When a completion hit max_tokens (e.g., thinking model burns through token budget), vLLM returns finish_reason="length" and does not include a stop token in completion token_ids. The TITO client's truncation gate only checked TrajectoryStepTokens["is_truncated"], which reflects seq_len overflow but not max_tokens truncation. So it proceeded with bridge extraction, grabbed a random content token as the "stop token" for gap calculation, and produced broken stitched sequences.

Testing

Empirically validated stop token behavior across 6 models on prime-rl's custom vLLM server (/v1/chat/completions/tokens endpoint):

Model	Stop Token	stop ✓	tool_calls ✓	length (no stop) ✓
Qwen3-4B-Instruct-2507	151645 `<\|im_end\|>`	✅	✅	✅
Qwen3-0.6B	151645 `<\|im_end\|>`	✅	n/a	✅
Qwen3-8B	151645 `<\|im_end\|>`	✅	✅	✅
Qwen3-30B-A3B	151645 `<\|im_end\|>`	✅	✅	✅
Qwen3.5-4B	248046	✅	✅	✅
GLM-4.7-Flash	154827 `<\|user\|>` / 154829 `<\|observation\|>`	✅	✅	✅

Confirmed across all models: finish_reason=length never includes a stop token in token_ids. Bridge extraction and GLM dedup logic validated for both tool-call multi-turn (wiki-search style) and user-message multi-turn (alphabet-sort style).

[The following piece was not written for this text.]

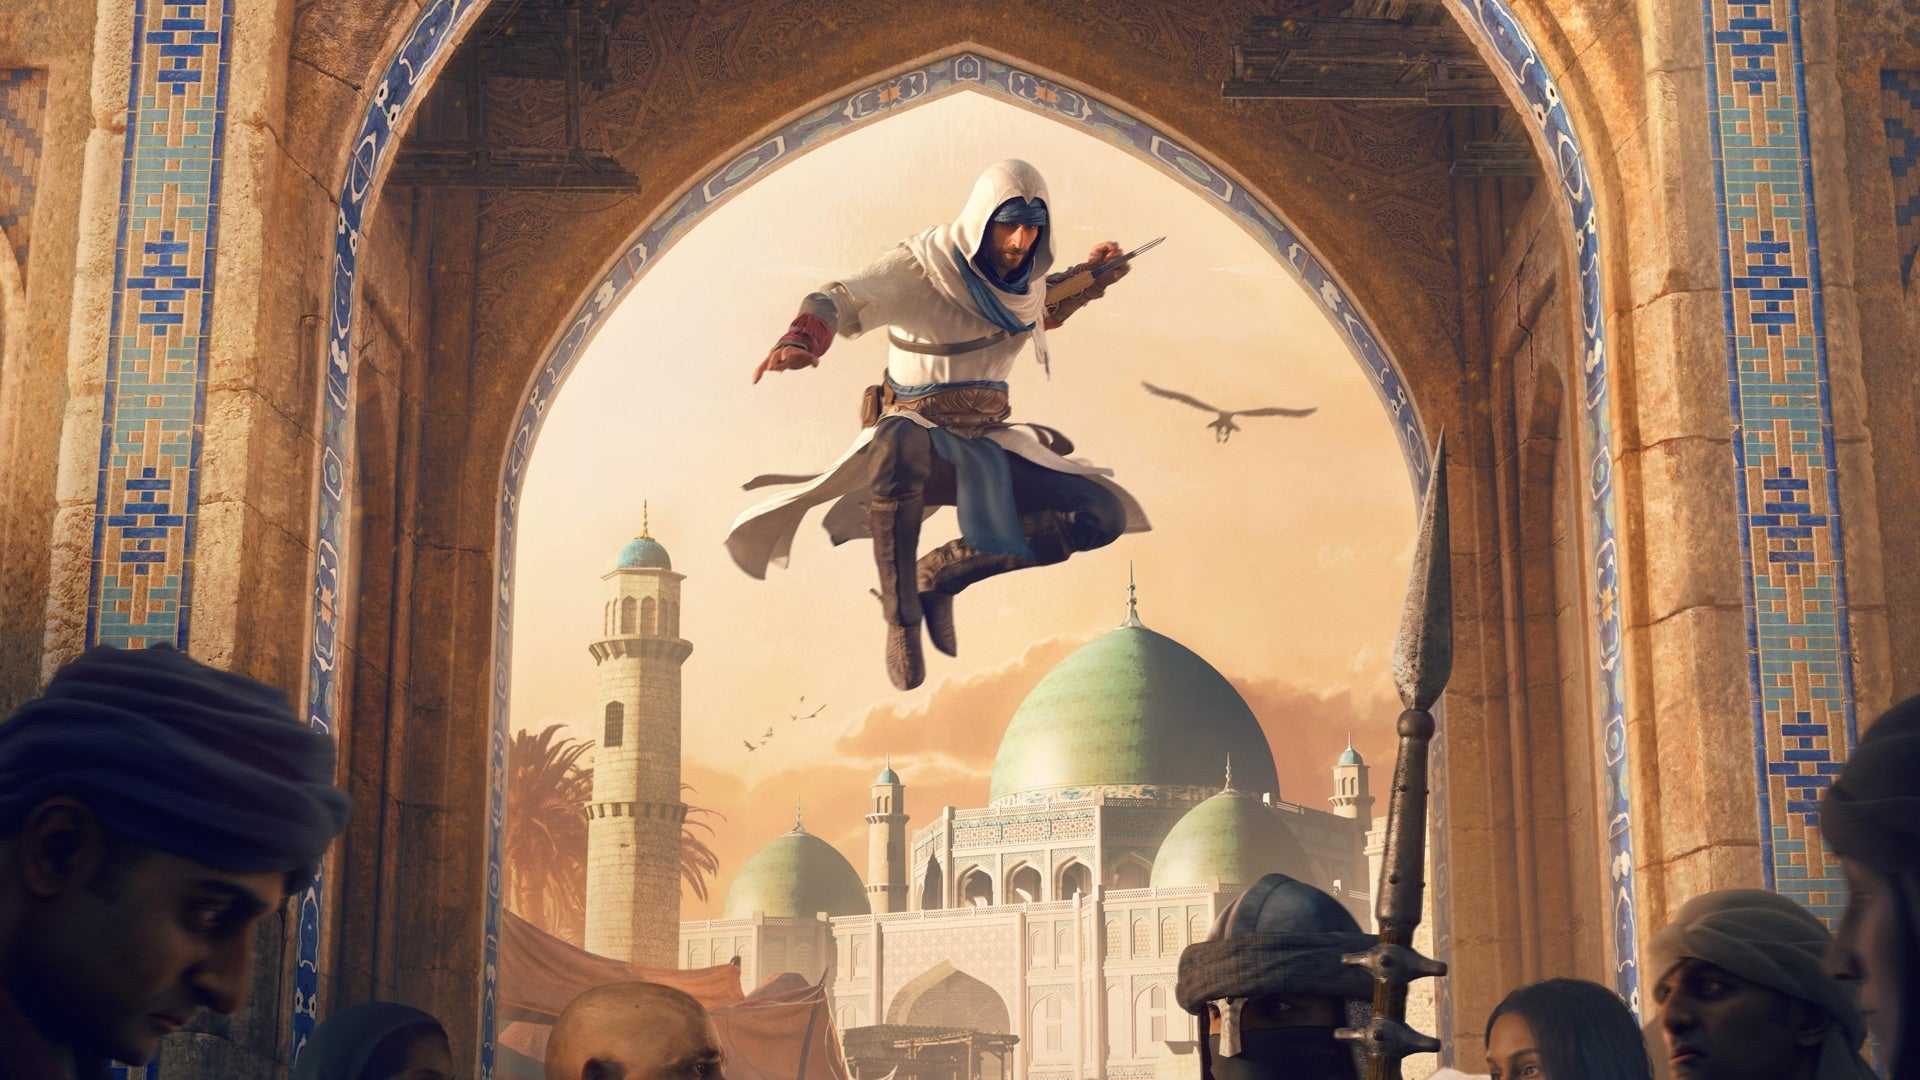 Image for This week's Ubisoft Forward digital showcase will "unveil the future" of Assassin's Creed

Ran RL training experiments with use_token_client=true across Qwen3-4B, Qwen3-0.6B, Qwen3-30B-A3B, and Qwen3.5-4B on wiki-search and alphabet-sort environments, confirming no TITO errors.

Test plan

Run alphabet-sort with low max_tokens (e.g., 32) to trigger frequent finish_reason=length on multi-turn — verify MITO fallback fires and rollout completes correctly
Run wiki-search with use_token_client=true — verify TITO path works for tool-call multi-turn
Verify no regression on single-turn environments

🤖 Generated with Claude Code

Note

Medium Risk
Touches core prompt/token stitching logic used for KV-cache reuse across turns; failures can corrupt prompts or force MITO fallback, though changes add additional validation and safe fallbacks.

Overview
Fixes TITO prompt stitching in OpenAIChatCompletionsTokenClient.get_prompt_ids by replacing full-prompt slicing/suffix caching with a dummy-assistant dual-tokenization approach that extracts only the minimal “bridge” tokens needed after a cached prefix, including handling templates where stop tokens can act as role markers.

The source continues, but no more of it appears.